As an organization, we’ve made the strategic decision to make impact and outcomes our leading priority. We still plan to reach thousands of students — this year, more than 30,000 — but our focus will be program quality versus quantity. We will do even more listening to community leaders and work harder to solve societal issues.

Here’s a glimpse of what is unfolding now, and what’s ahead:

For two consecutive years — and for the first time in more than 30 years — we are working with more middle and high school students than elementary school students.

That’s driven by school leaders telling us this age group of students, who have been significantly impacted by the pandemic and learning loss, truly need our help to prepare for their futures.

We are pursuing substantive discussions with public and private colleges and universities that — starting next year — will grant high school students college credit for completing some of JA’s 10 semester-long courses.

That hasn’t happened before, but these institutions recognize the caliber of JA’s newly-developed curriculum. A formal announcement remains ahead, but we’re tremendously encouraged by commitments from Albertus Magnus College, University of Hartford and University of St. Joseph.

We are also talking earnestly with community leaders about the possibility of building a JA BizTown/Finance Park facility in Hartford, a life-changing program that exists in more than 20 states across the country.

In this program, students complete 12 weeks of financial literacy curriculum before spending five hours at a JA facility for their capstone experience.

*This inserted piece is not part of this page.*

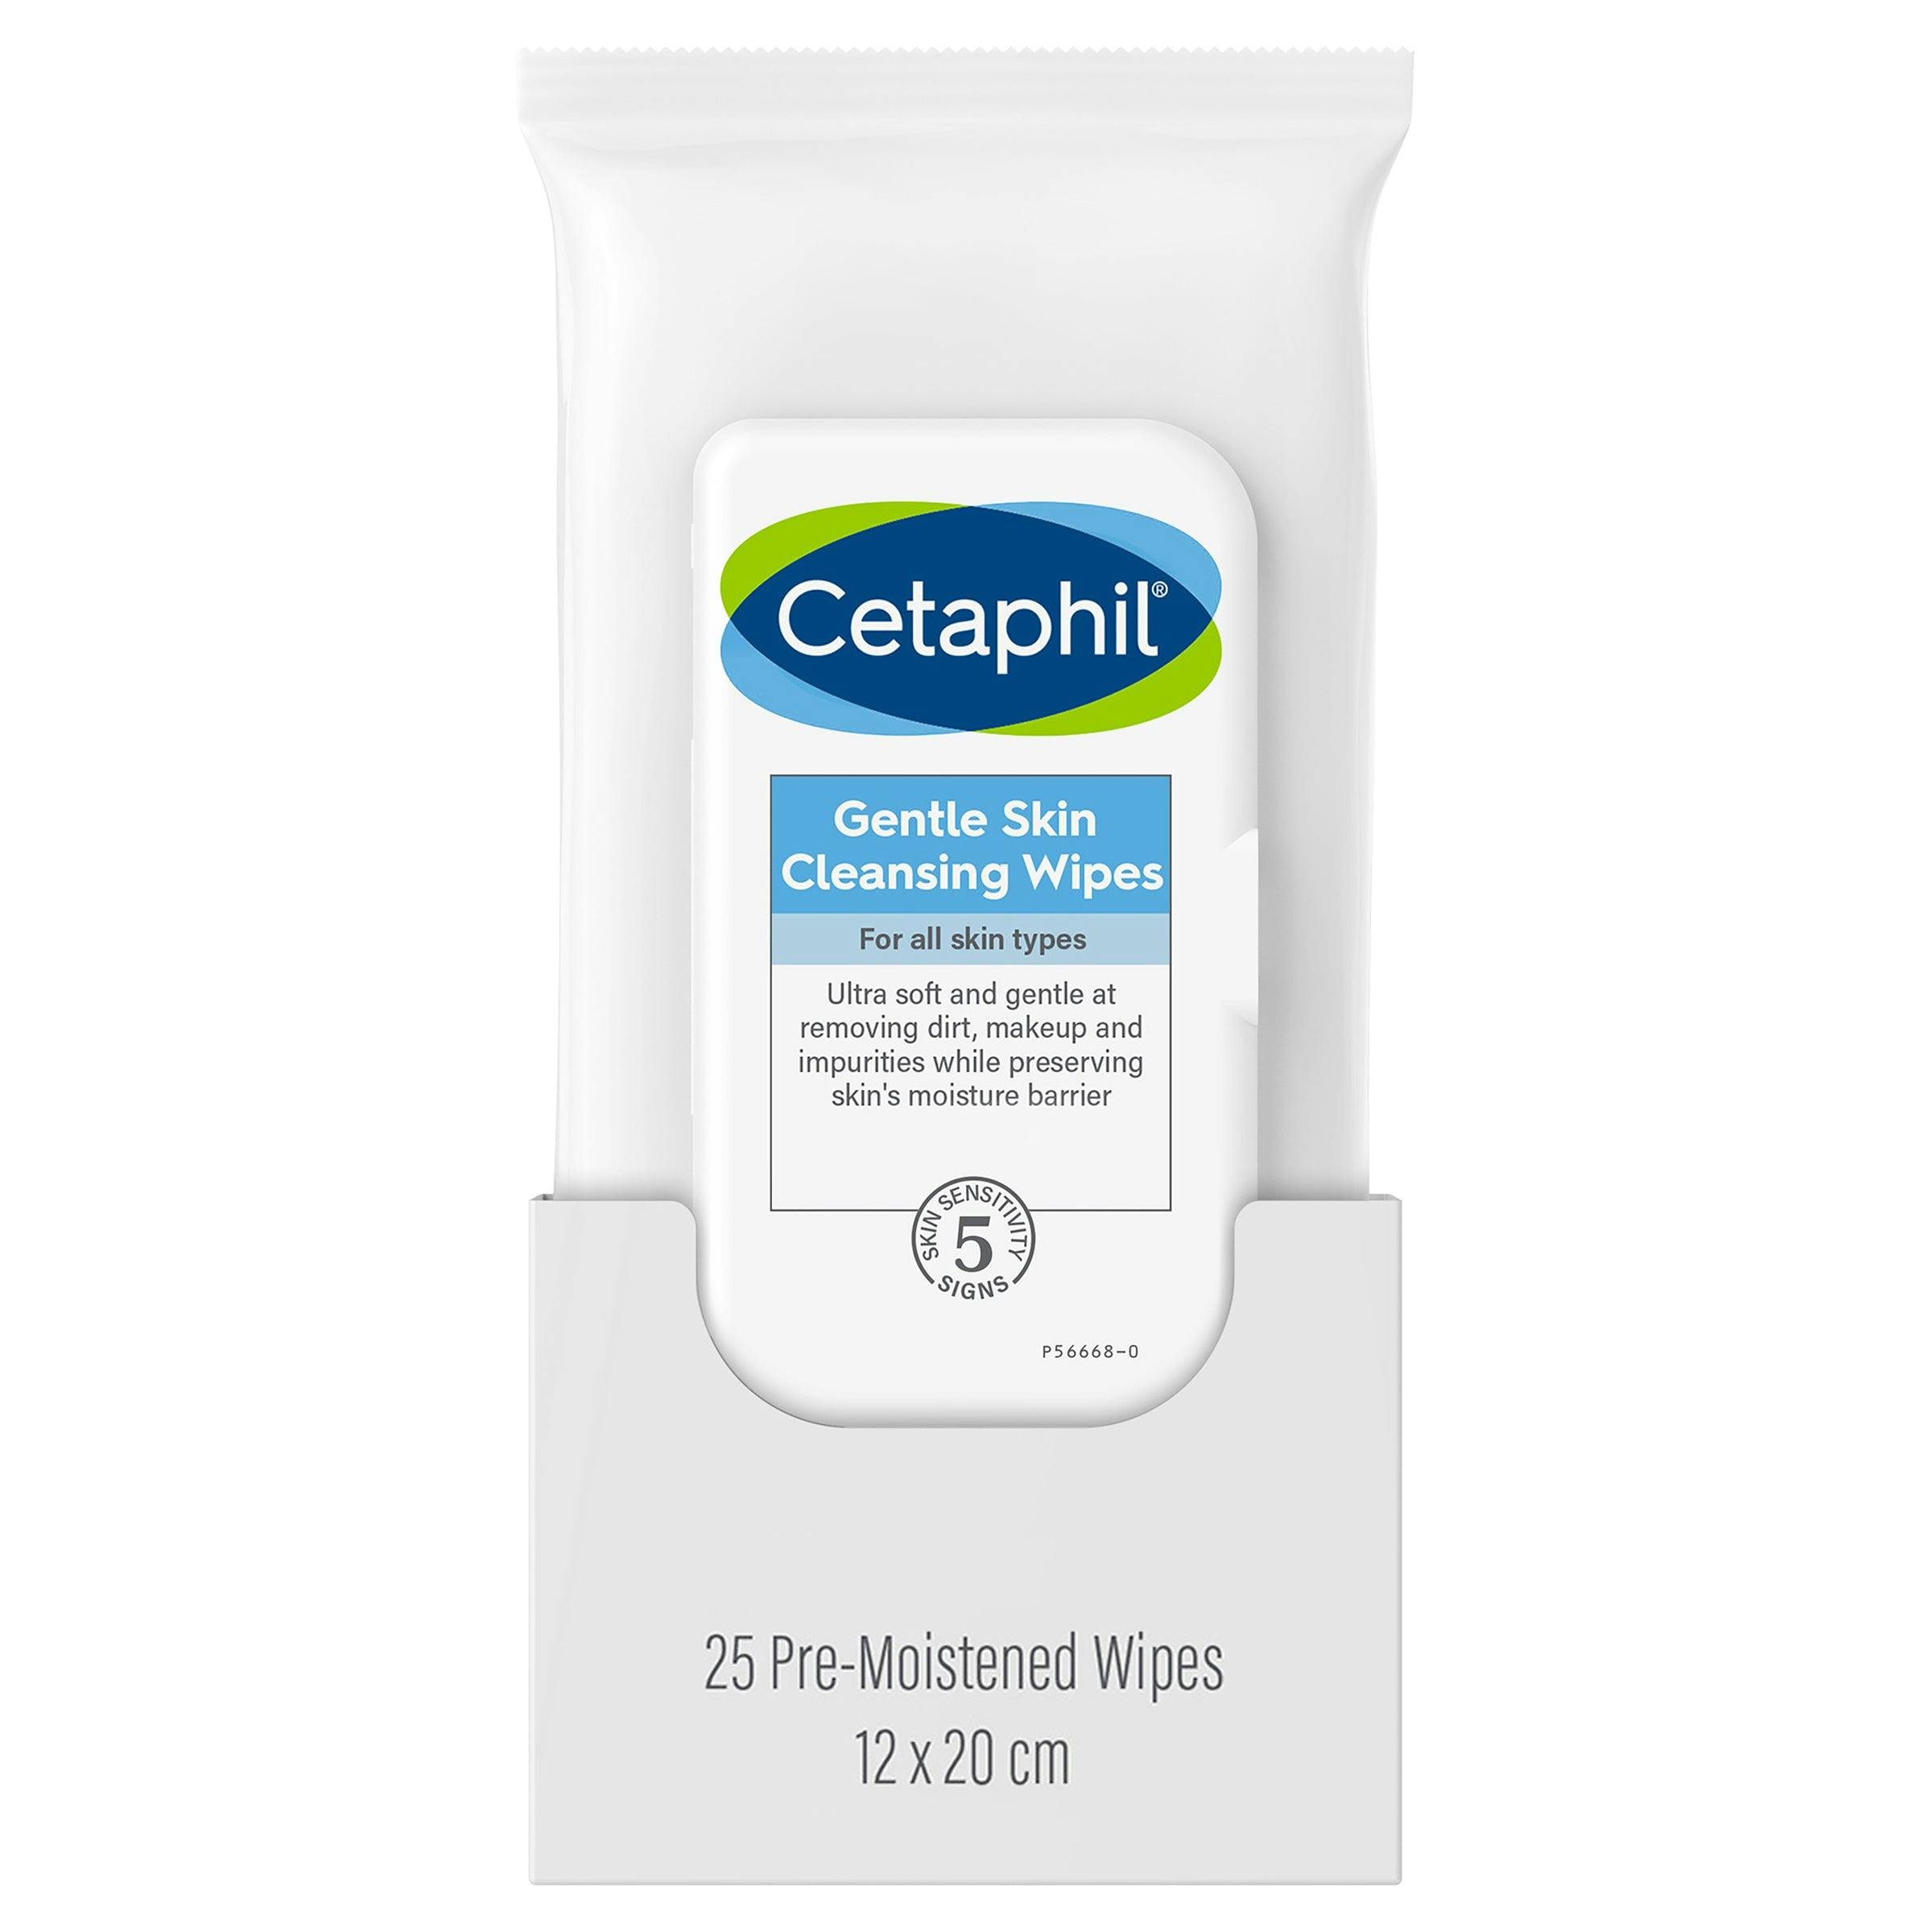 Cetaphil Gentle Skin Wipes / Cleansing Cloths 25pk
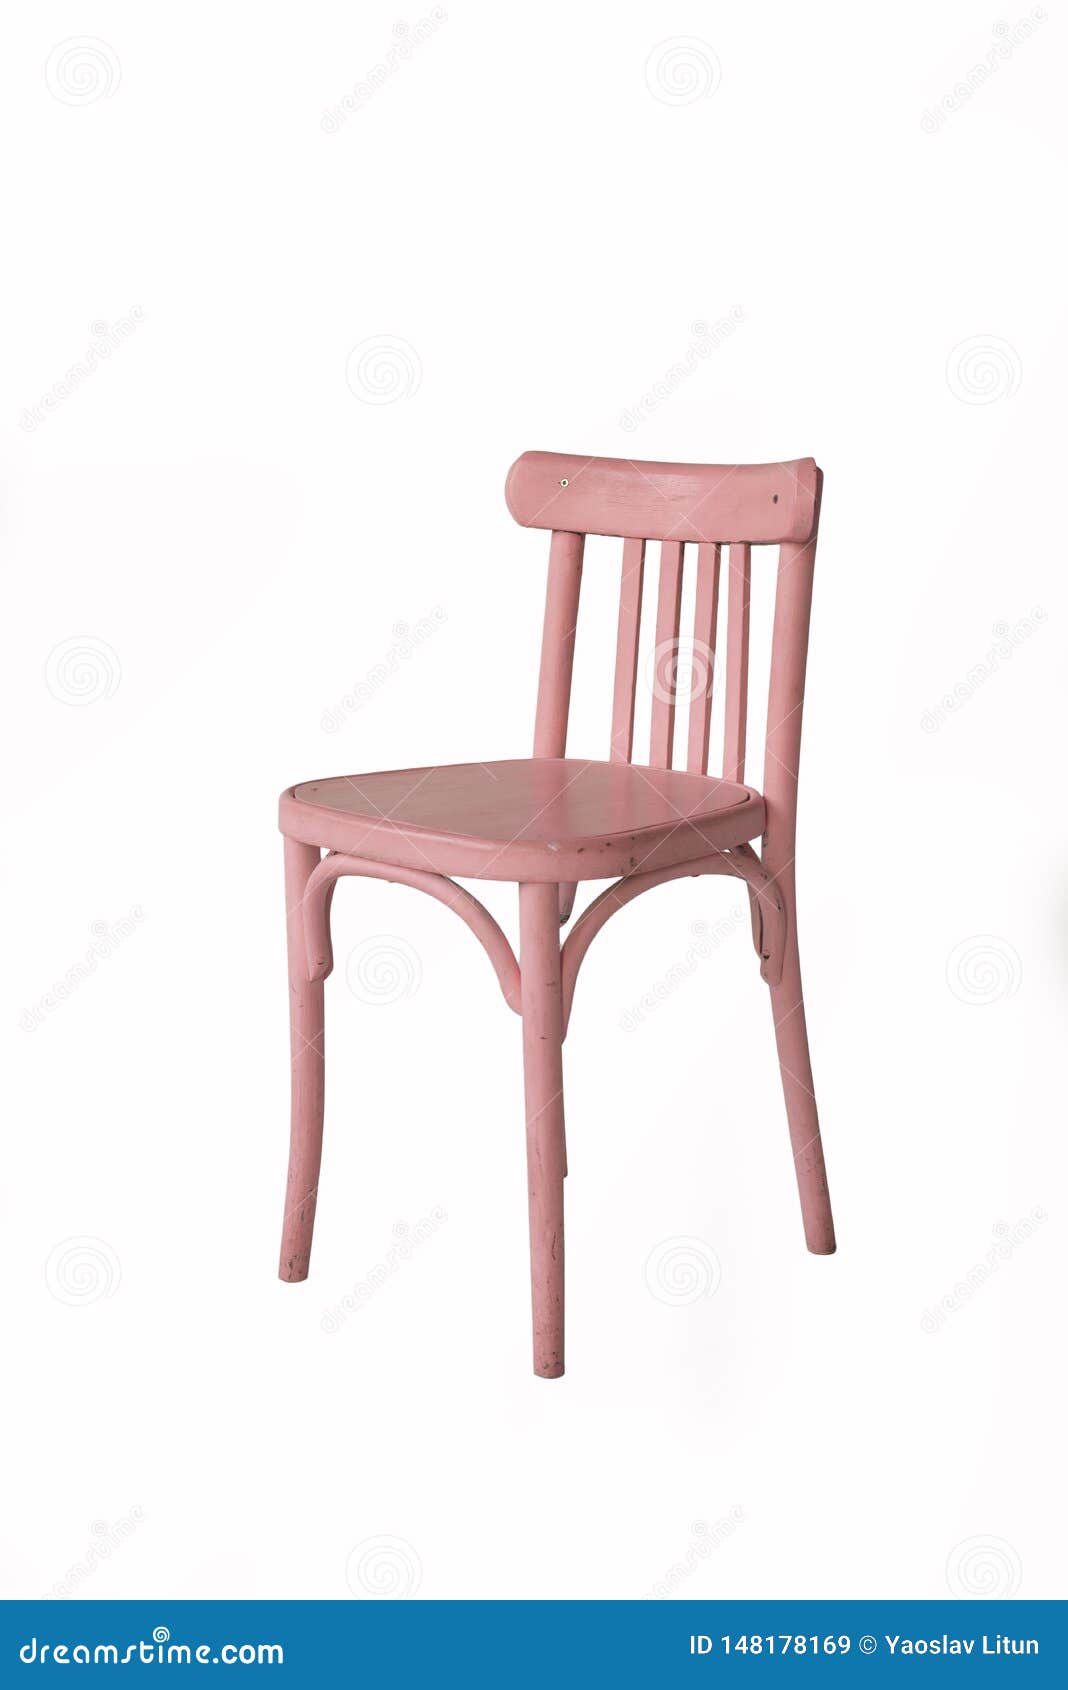 Roze Stoel Op Een Witte Achtergrond Stock Afbeelding - Image of roze, benen: 148178169

There’s more work ahead to launch this initiative, but our initial conversations have been quite promising. We’re hearing from school and business leaders that there is a critical need for stronger financial literacy training for Connecticut students.

We plan to launch a feasibility study in the weeks ahead to determine if we can raise the funds needed to build this program here.

We are also talking with several local school districts about the possibility of opening and operating a JA high school, a program called 3DE.

School leaders see this program as one that can substantially increase high school graduation rates, and business leaders see it as one that can help to better prepare young people for college and the world of work.

In addition, we are in active explorations with the federal government, specifically the Department of Defense, about the possibility of establishing a program that would launch in Connecticut, then expand nationally, contributing to the talent pipeline for the nation’s submarine and submarine supply chain workforce.

This is a sampling of the important work now taking place. It will not be easy, but nothing this important ever is.

We are confident that we can count on business leaders and professionals across many industries to take JA to the next level — because that is what our communities are asking of us.

Working collaboratively, we can inspire and prepare young people — the next generation of community leaders — to succeed. These ambitious, aspirational goals are now our North Star.

Jeremy Race is president and CEO of Junior Achievement of Southwest New England, which includes Hartford, New Haven, Middlesex, Tolland, Windham, Litchfield and New London counties.